Canon Cat Documents Archive - smalltalk
http://appliance.io/

======
jaysonelliot
I own two Canon Cats, which I bought after reading Jef Raskin's book _The
Humane Interface._

While technologically they are decades out of date, from a UX perspective,
there is a lot to be learned from using one.

Some of the concepts, such as a document-oriented system that never requires
the user to launch or quit an application, nor to "save" their work, would
still represent a leap forward today.

I'd love to see a modern OS built with the concepts of a humane interface
today.
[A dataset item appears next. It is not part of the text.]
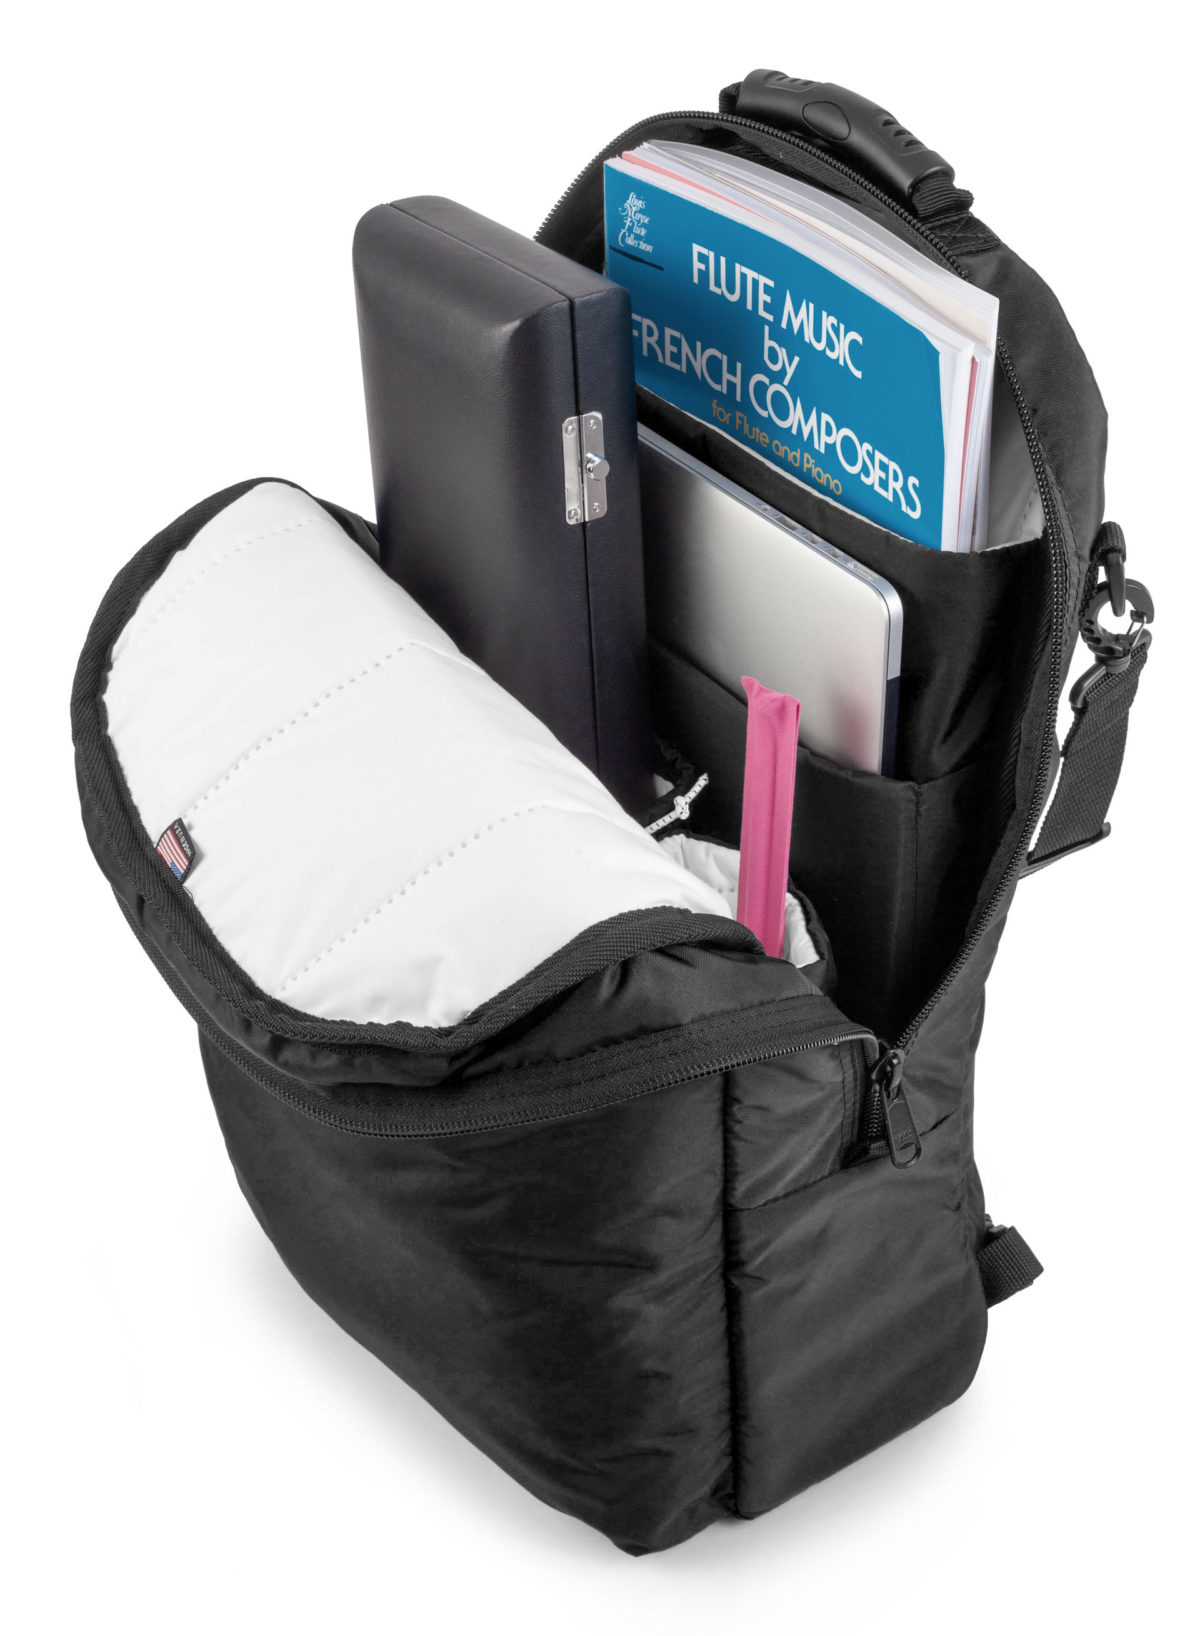 Altieri Alto Flute Backpack Inside View AFBP 00 BK000

Even the iOS and Android systems carry legacies of the WIMP interface
instead of Raskin's humane approach.

I've spoken at the BIL Conference about the idea of bringing Jef Raskin's (and
others) ideas into the modern age:
[http://www.bilconference.com/videos/rethinking-modern-gui-
ja...](http://www.bilconference.com/videos/rethinking-modern-gui-jayson-
elliot/)

This is a great historical repository, but worth reading for the ways some of
the concepts can be used today.

And of course, anyone who's interested in what made the Cat special should
read Jef Raskin's book: [http://www.amazon.com/Humane-Interface-Directions-
Designing-...](http://www.amazon.com/Humane-Interface-Directions-Designing-
Interactive/dp/0201379376)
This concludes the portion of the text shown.